Die jungen Musiker wählen zudem Korngold, Charpentier oder Chopin, oder befassen sich gleich mit dem 20. und 21. Jahrhundert als Betätigungsfeld für außergewöhnliche Leistungen. Da ist Polina Tarasenko, die ihre Posaune mit delikater Emphase spielt oder Mira Foron, die die Violine derart virtuos beherrscht, dass man nur noch staunen kann. Da ist das Daidalos Guitar Duo, besetzt mit Raphael Ophaus und Stefan Koim, das mit der akustischen Gitarre wunderbare Stimmungen zaubert. Flávia Striquer ist gebürtige Brasilianerin. Die Stimme der Sopranistin ist für die große Oper ausgerichtet, doch sie kann auch anders und beweist zum Beispiel mit den „Girls von Ipanema“, dass feine Nuancierungen auch im Schlager größte Wirkung erzielen.


Annika Gräslung und Ben Grebel vertreten das Schauspiel und beziehen das Publikum ein in die zu klärende Frage „Was ist mit unseren Kindern passiert?“ Solch eine Szene ganz aus der Nähe zu erleben, ist natürlich ein besonderes Erlebnis, denn: auch gespielte Aufregung kann ergreifend sein.


Es trat nicht nur ein Duo auf, sondern auch ein Klavier-Trio. Natascha Paulich (Klavier), Estelle Enkelmann (Violine) und Mia Deng (Violoncello) setzten Musik von Rachmaninow und Frank Bridge wahrhaft lustvoll in Szene, agierten mit geschmackvoller Verve und zeigten sich überaus sicher im Zusammenspiel.

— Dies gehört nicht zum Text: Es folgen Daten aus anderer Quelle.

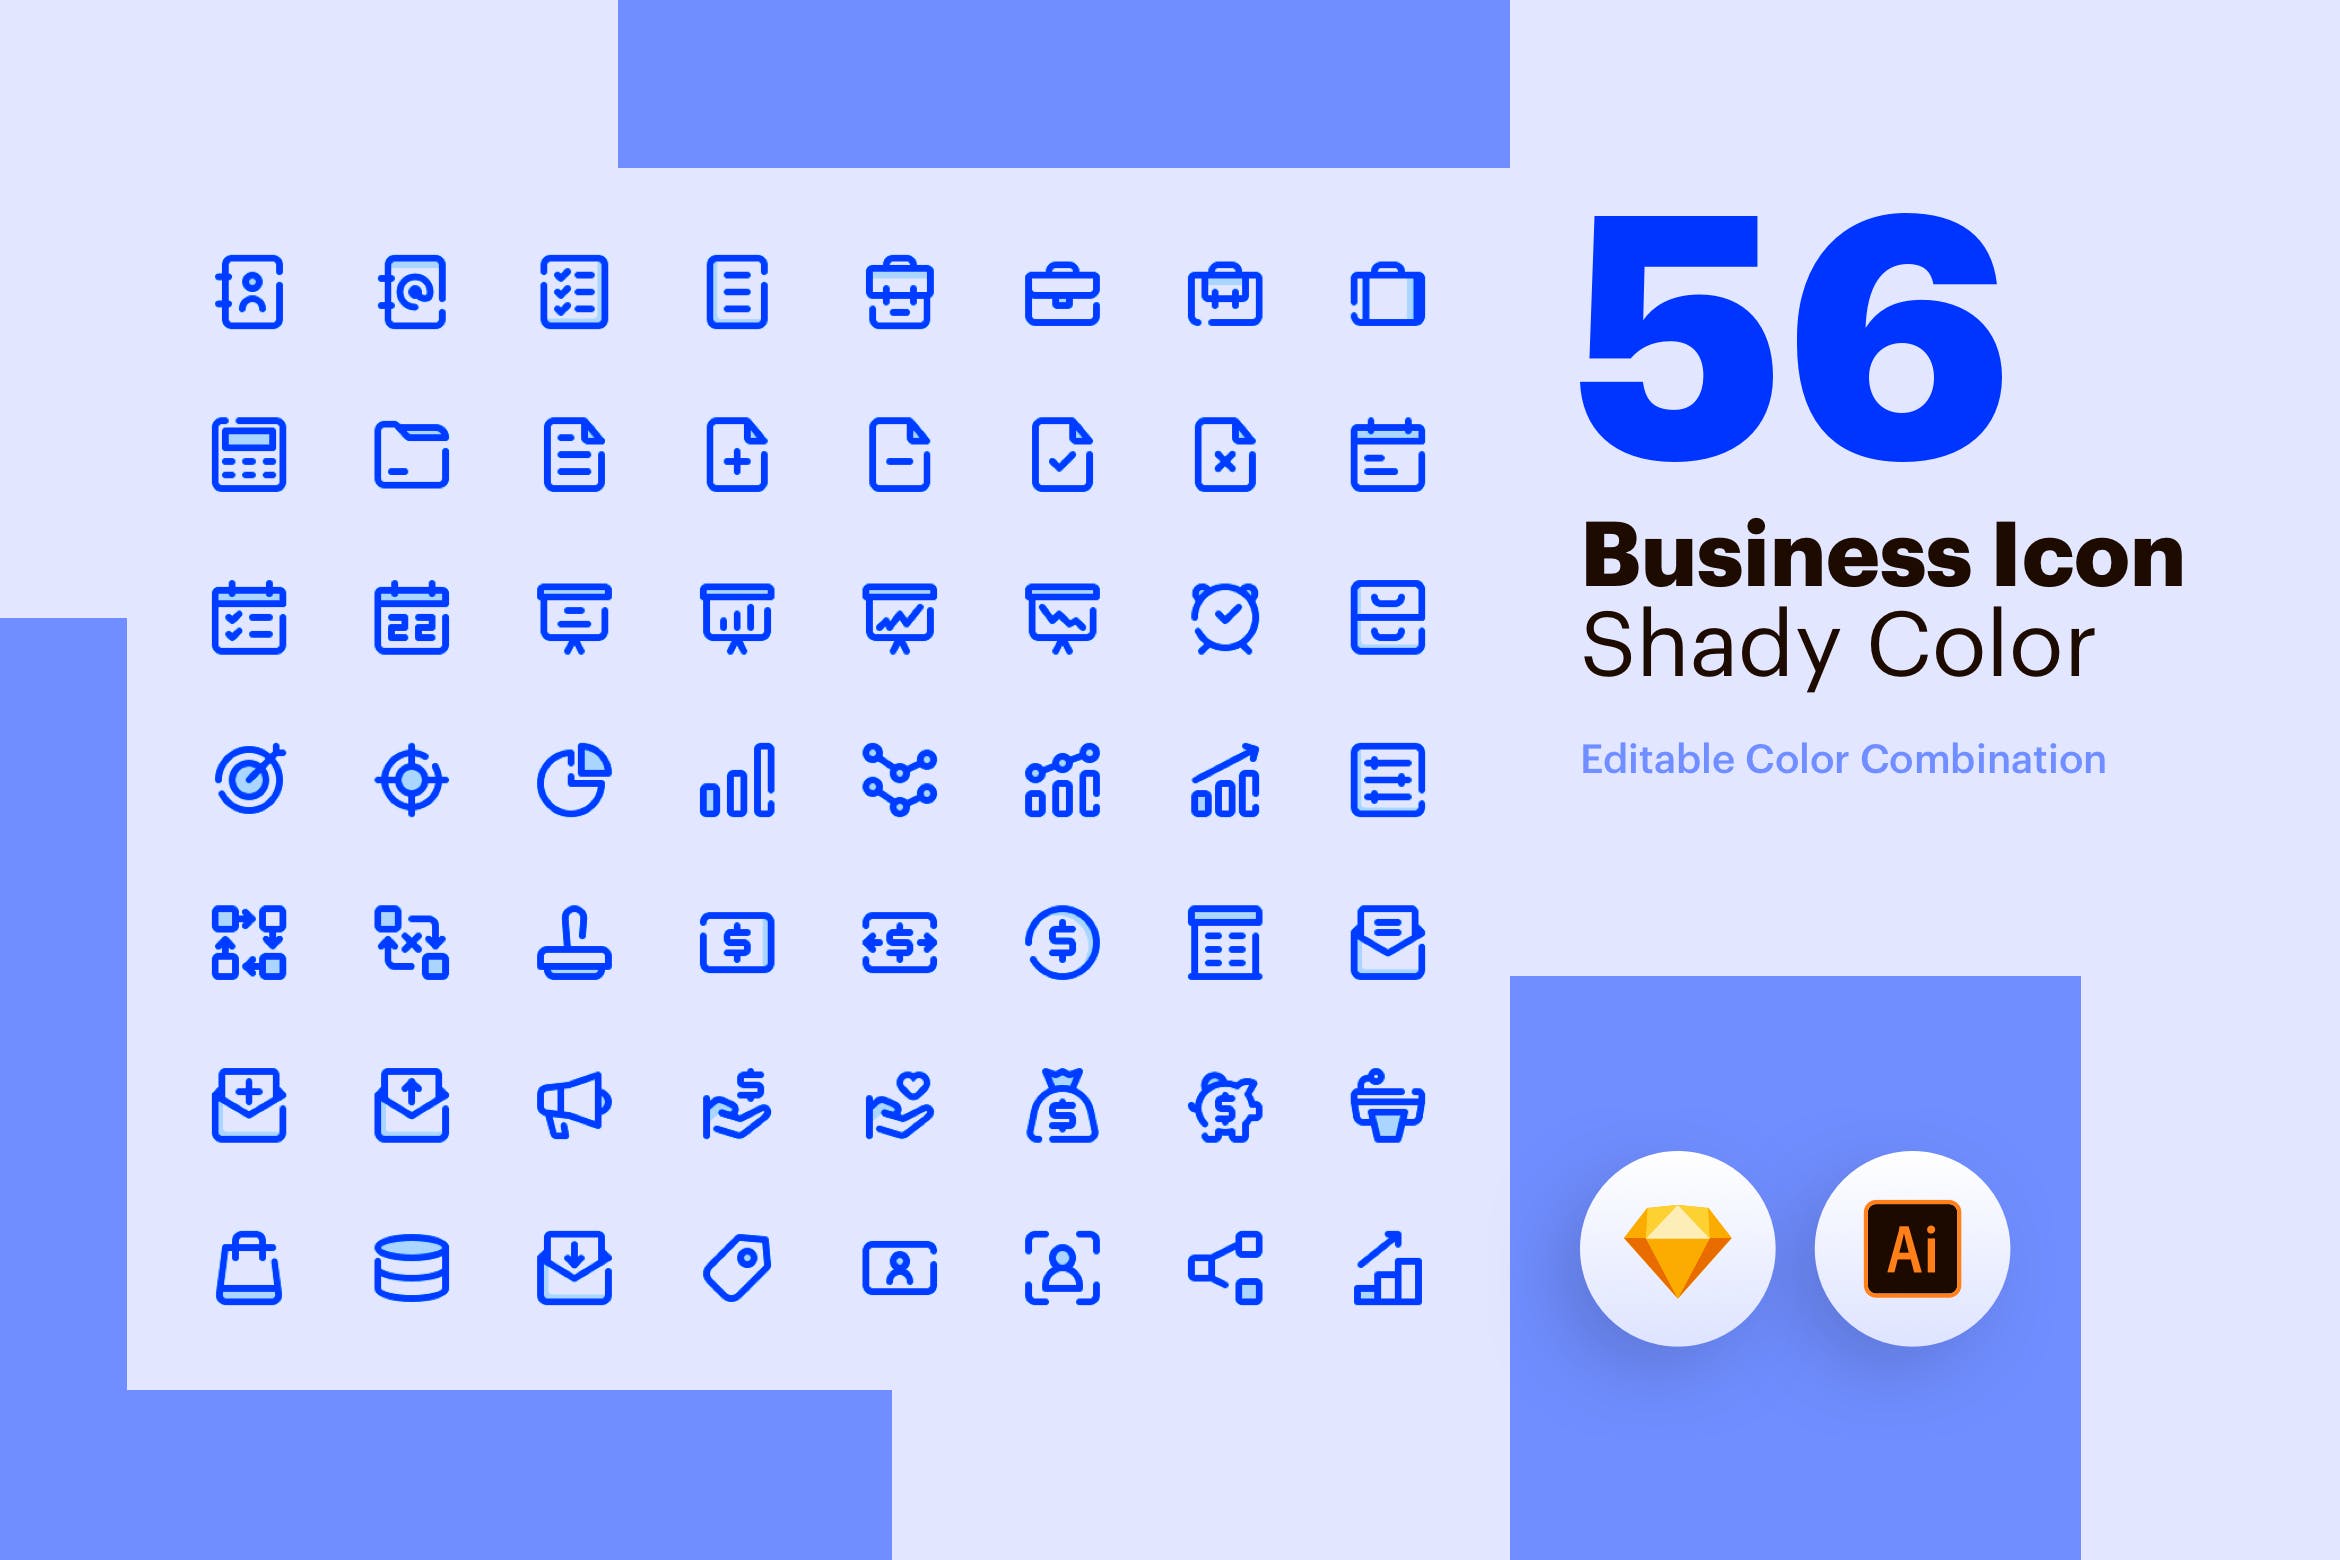 56枚商业主题彩色阴影矢量第一素材精选图标素材包 Business Icon – Shady Color插图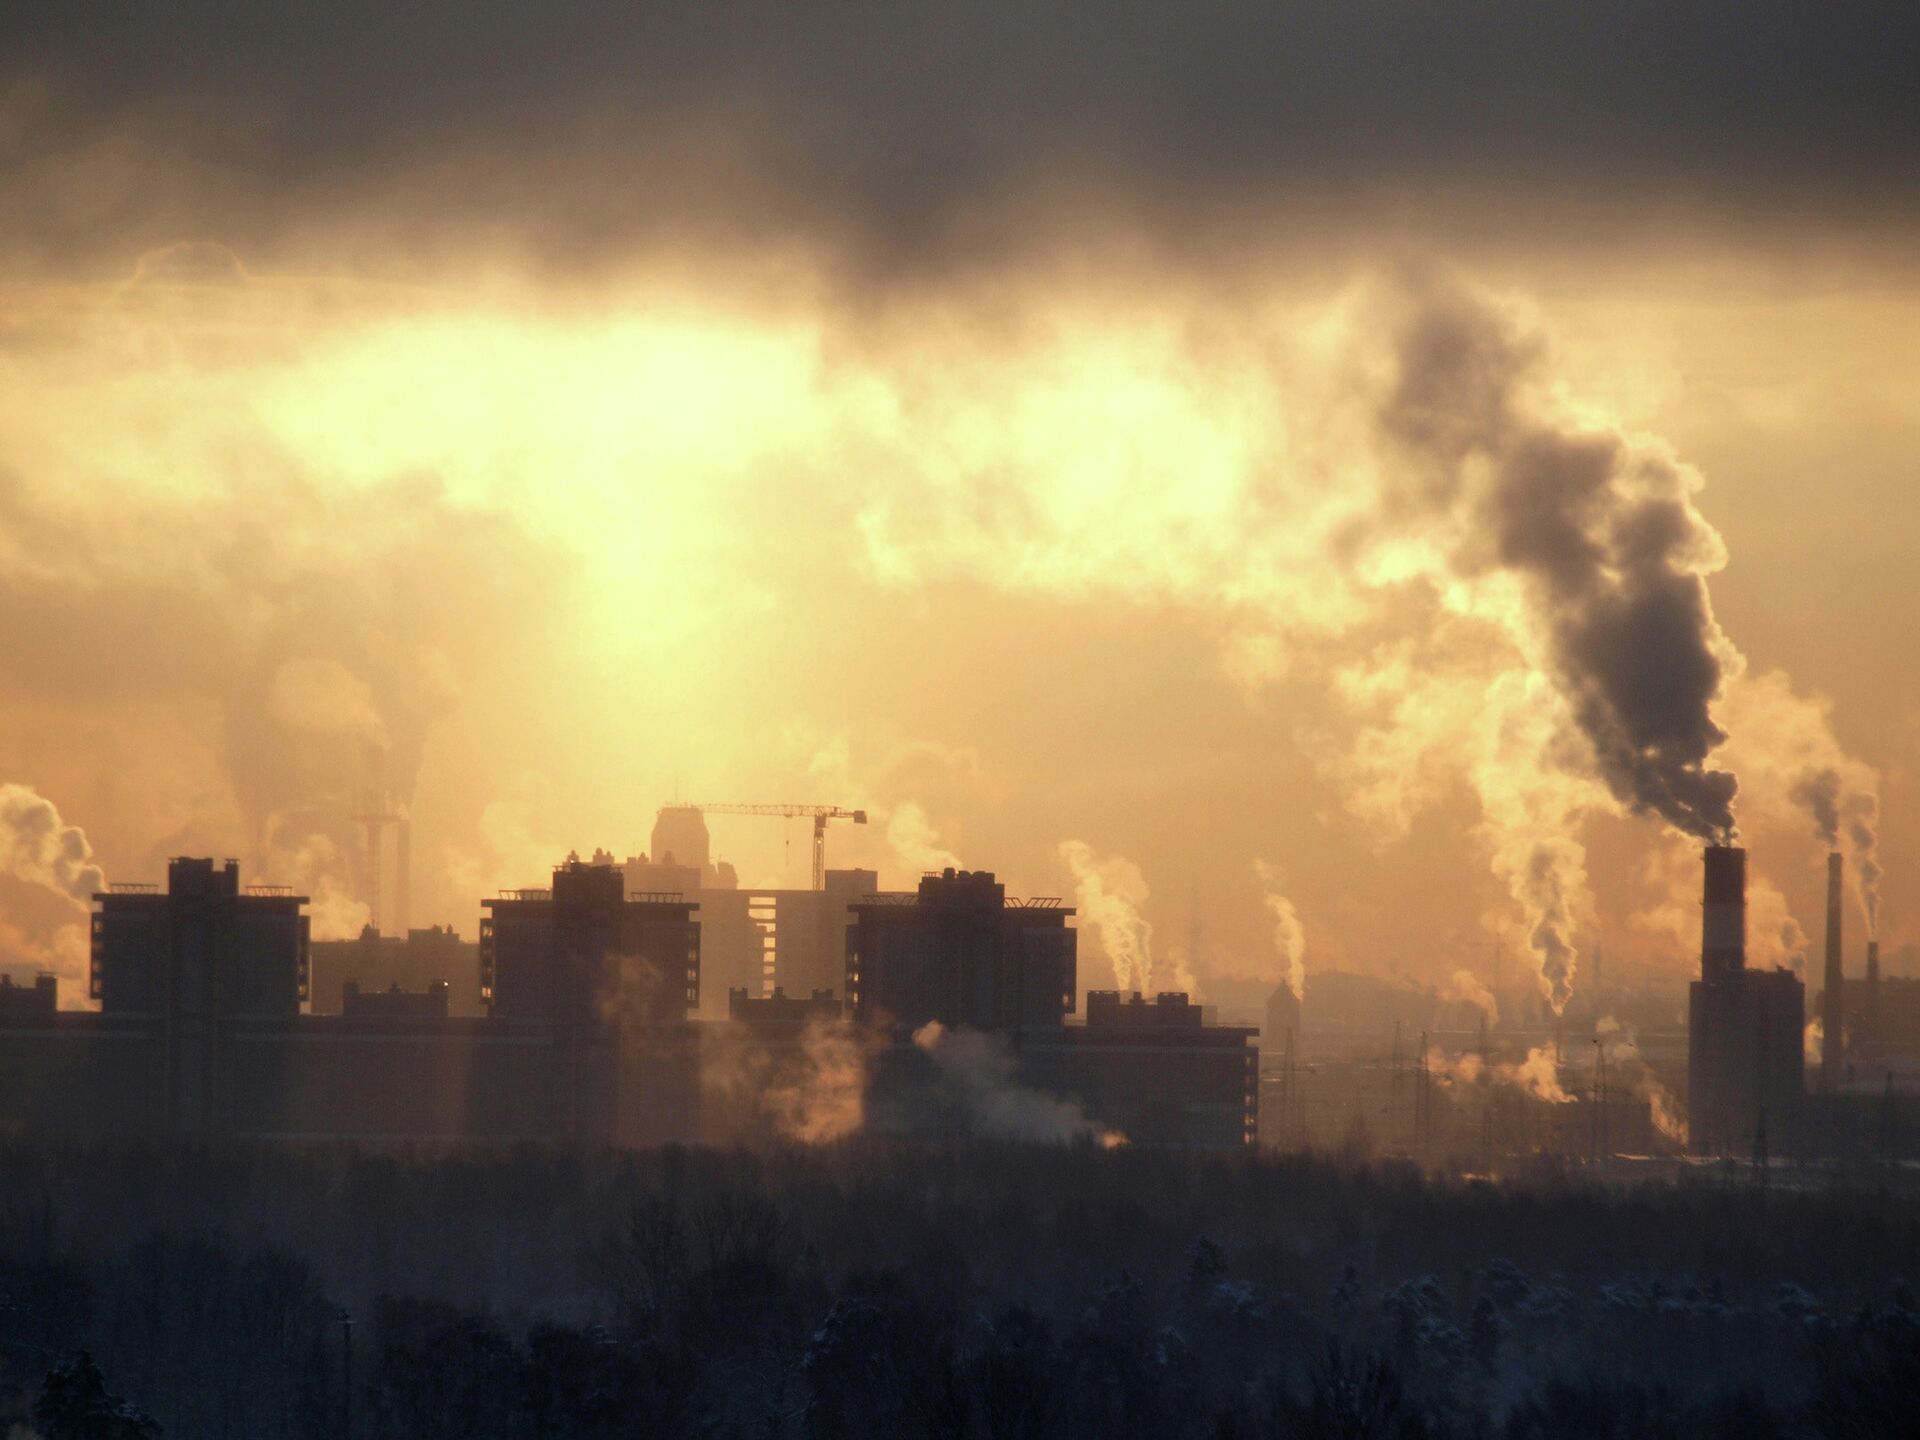 Ташкент загрязнение. Загрязнение воздуха. Загрязненный воздух в городе. Смог в городе. Выбросы заводов в атмосферу.

Da griff der Chef selber in die Tasten: Matthias Kirschnereit und der Komponist sowie Sänger Stephan Storck (Bass), der mit seiner Avantgarde-Komposition „Anriss“ für eine Uraufführung bei den Gezeitenkonzerten sorgte

Pianistin Marie Jäschke porträtierte charaktervoll das Mädchen Julia und den Mercutio aus dem Ballett „Romeo und Julia“ von Prokofjew – fügte später als Zugabe noch den „Tanz der Ritter“ bravourös hinzu und spielte wahrhaft glanzvoll die Ballade f-Moll von Chopin. Selma Schiller begleitete die Sopranistin am Klavier und zeigte – ebenso wie Yebin Kor, die mit der Posaunistin konzertierte – viel Einfühlungsvermögen.


Kurz gesagt: Jeder Mitwirkende an diesem langen Konzertabend erspielte oder sang sich in die Herzen der Zuschauer in der ausverkauften Veranstaltung. Die Nähe zwischen Publikum und den Akteuren trug ebenso dazu bei wie die langen Pausen, in denen man beim Tee oder beim Abendessen auf die jungen Künstler treffen und sie ansprechen konnte. Das macht stets den besonderen Reiz des Formats aus.

Die Moderatoren: Matthias Kirschnereit und Raoul-Philip Schmidt

Moderiert wurde die Veranstaltung, die traditionell auf zwei Bühnen parallel stattfindet, von dem künstlerischen Leiter der Gezeitenkonzertte, Matthias Kirchnereit, und dem organisatorischen Leiter Raoul-Philip Schmidt, die mit kurzen Biographien, Anekdoten und Hinweisen zu Musik und Komponisten unterhielten.